Recession in Greece is likely to end in 2024 but unemployment will remain above 20 percent for another three years. That would be …ehm… let me count… in 2016! Nice perceptive for the more than 1.3 million jobless. In a report published on Friday, the European Commission predicted the possibility of economic recovery in Greece already at the end of 2013. However with a nice question mark at the end of the road.
“The report on Greece titled “Contraction combined with a rebound in confidence – Is 2013 the last year of recession?”, the country has entered the sixth consecutive year of recession in 2013, but a recovery is expected to start by the turn of the year, supported by improved confidence and the return of liquidity. While hard data is still generally negative, softer survey indicators continue to improve since the relaunch of the adjustment programme last autumn.
Confidence is supported by the achievement of fiscal targets despite the recession, by the high credibility of the recently-legislated reforms and measures supporting the fiscal adjustment, by strong improvements in cost competitiveness and by the return of deposits and liquidity to the banking system following significant EU/IMF disbursements and debt-reducing measures.” (full story Athens News Agency)
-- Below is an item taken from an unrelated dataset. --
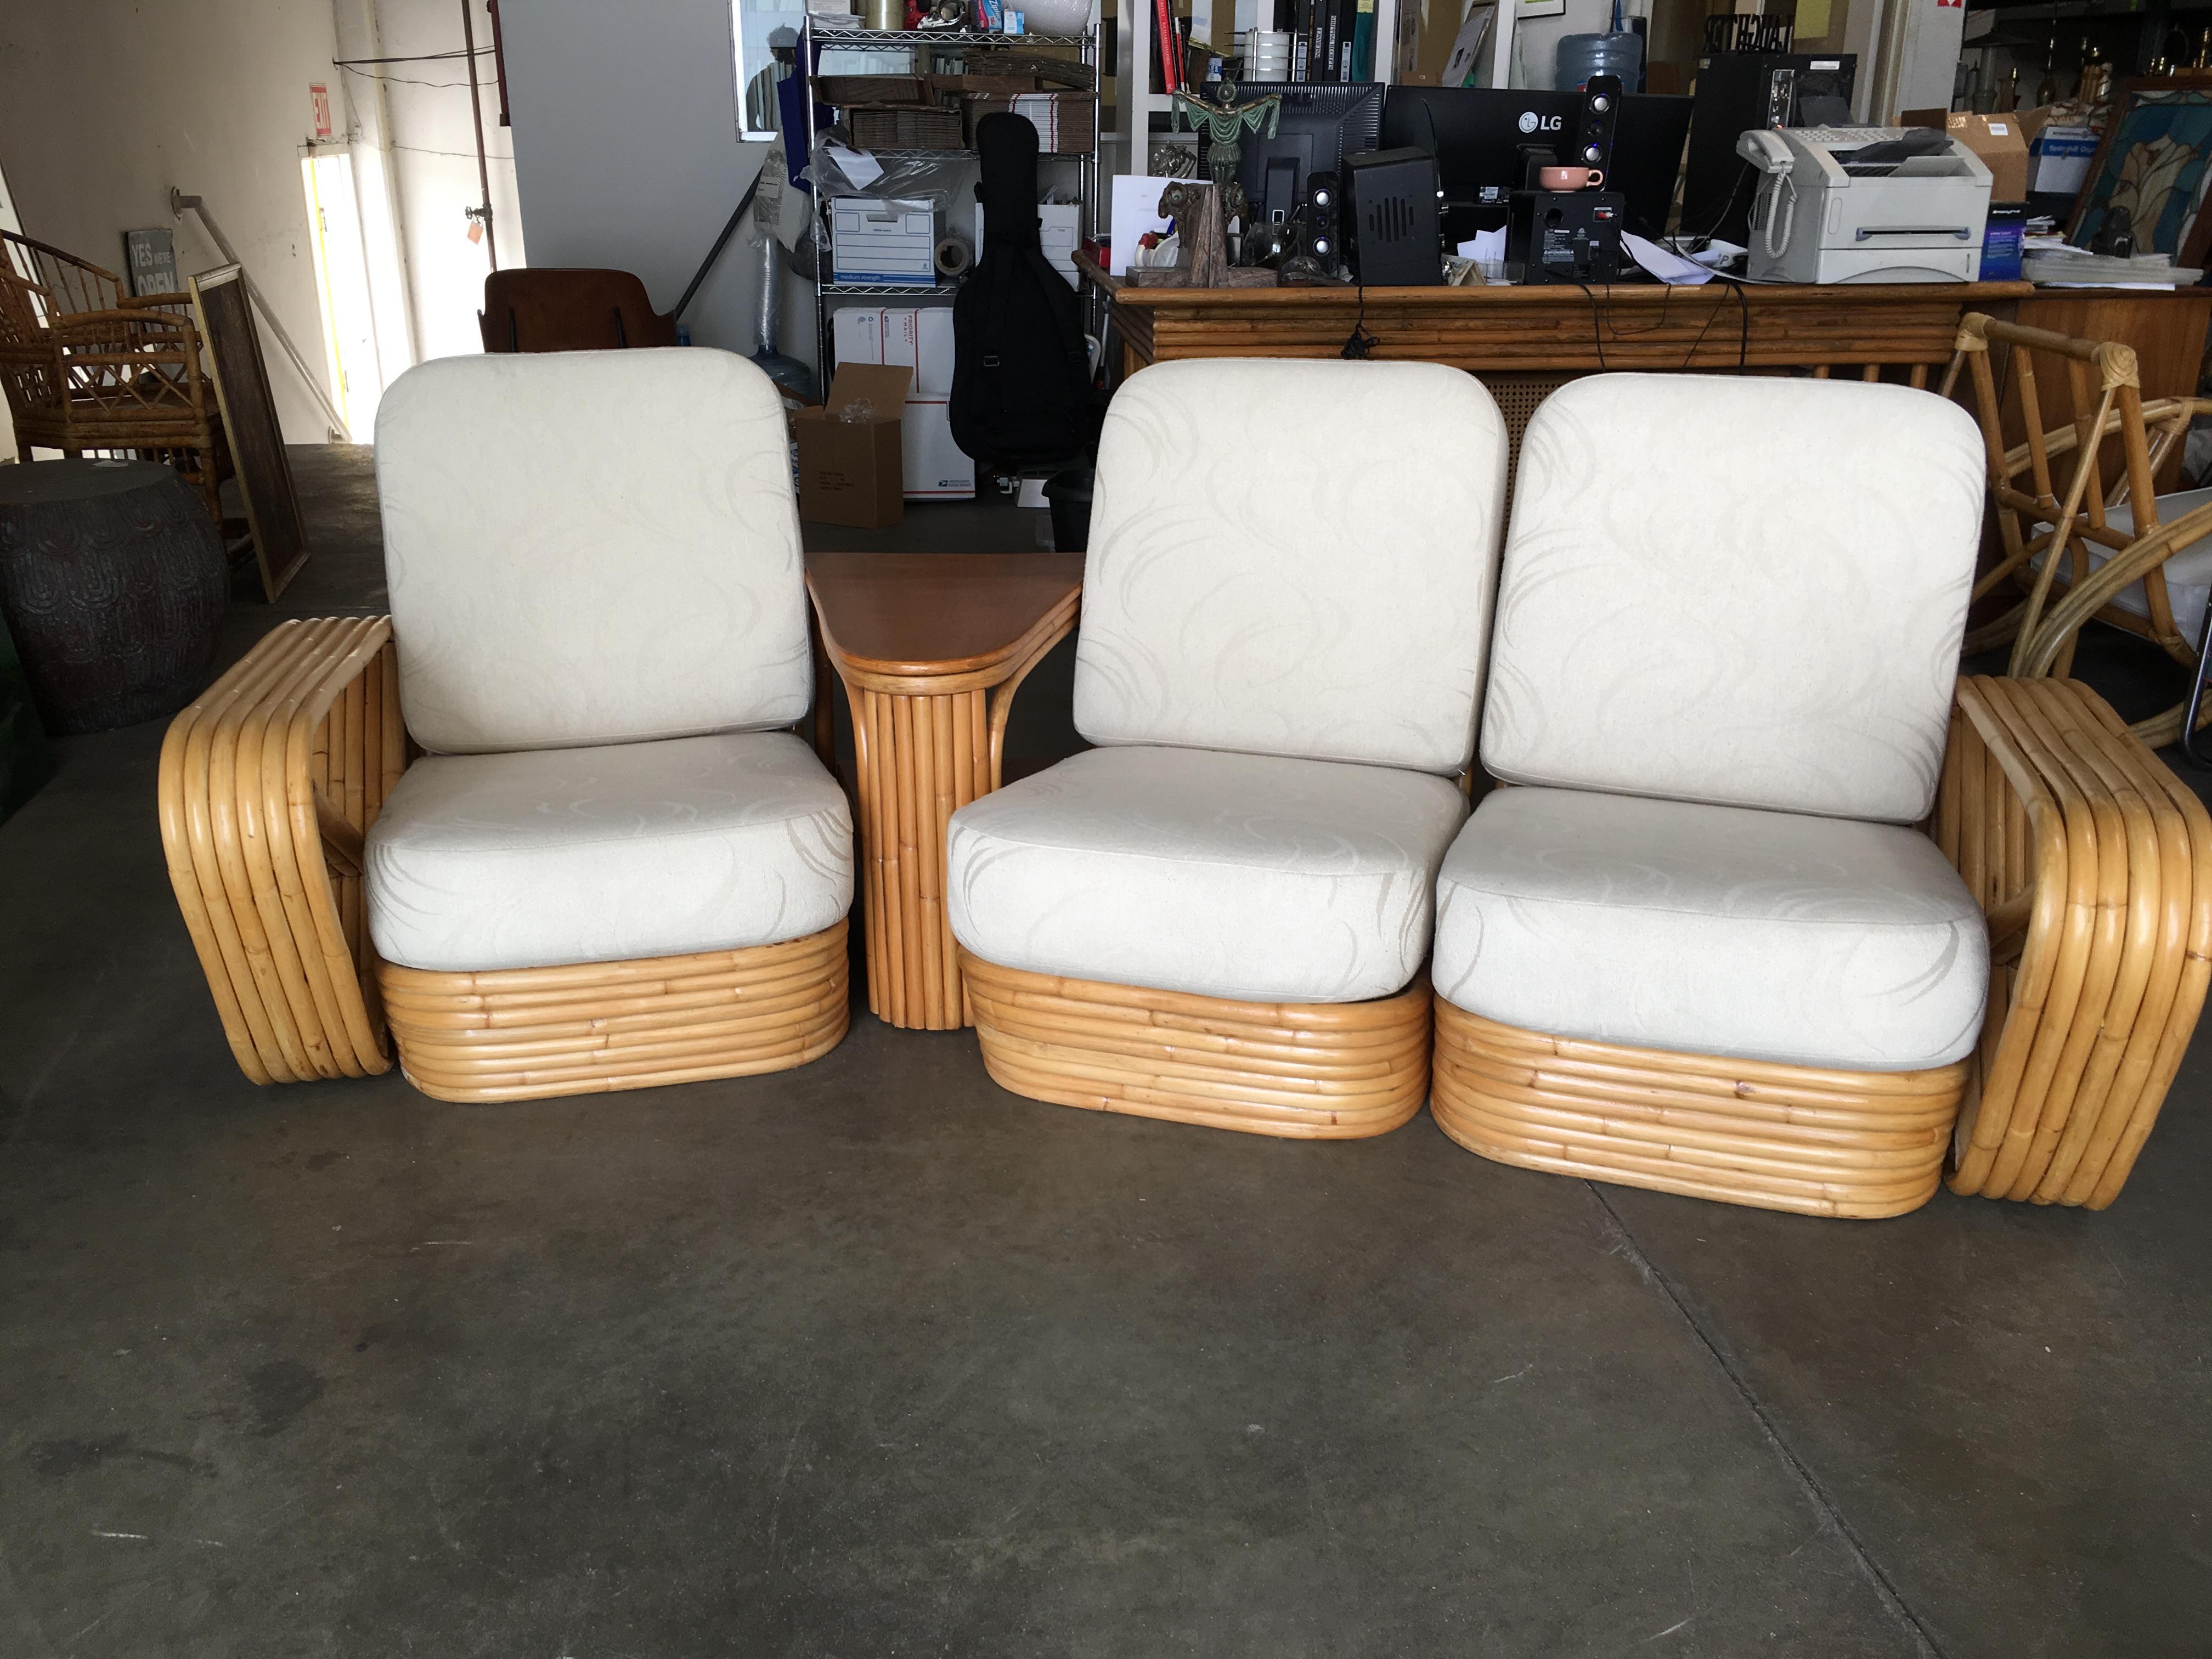 Rare Square Pretzel rattan 3 seater sectional sofa with Paul Frankl inspired design featuring 6 strand rattan arms and Stacked pole base. Comes with two tier rattan side table with can be configured in several arrangements.

Sofa: 32in. H x 80in. W

The report based on data by representatives of Greece’s international lenders – EU, IMF and ECB – stresses that “progress had been made and public finances were improving”, but “more must be done to improve Greece’s tax collection system and shrink its still over-sized public sector.”
While the Greek government has said it aims to resume borrowing from bond markets next year, the European Commission noted in its report that full market access “will remain challenging in the years ahead” due to high debt levels.
The Commission estimates that Greece’s economy, after contracting 4.2 percent in 2013, will next year grow for the first time since 2008. It forecasts growth of 0.6 percent in 2014, but warns the recovery remains fragile and will depend on faster reforms.
“Should product and services market reforms not accelerate as foreseen under the program, positive economic growth could not return in 2014 as foreseen.
A failure to implement these reforms in time would thus amplify the social distress coming from very high unemployment and from the pressure exerted on the population by the prolonged recession and the wide-ranging economic and social adjustment.
The fiscal outlook beyond 2014 remains inherently uncertain,” as it “depends to a large extent on progress in strengthening the tax and social security administration.” (via miamiherald)
Unemployment rate is considered to peak at 27 percent this year before dropping gradually to 26 percent in 2014 and 21 percent in 2016, the report predicted.
Still 21% in 2016? That’s 700,000-800,000 jobless people, if I am not wrong. They will probably have to live on air and rainwater until unemployment drops to rate levels of a civilized and economic floating country.
The minimum wage will remain at 586/510 euro gross per month until unemployment reaches 10%. That would be some 10 years from now.
I wouldn’t wonder that at the end of the economic crisis, the social insurance funds won’t be able to pay pensions higher than 150 euro – due to high and long lasting unemployment rates that result to non-payment of social contributions. Not to mention that the low salaries (minimum wage) transfer no more than 100 euro per month per labor craft to pension funds. Logically, the pensions of those currently aged 15-35 would not provide them enough to survive their old days, as the minimum wage does not allow them to cover basic needs nowadays.
Having a roof over your head will be a luxury and bringing children in a such a society may be out of question as well.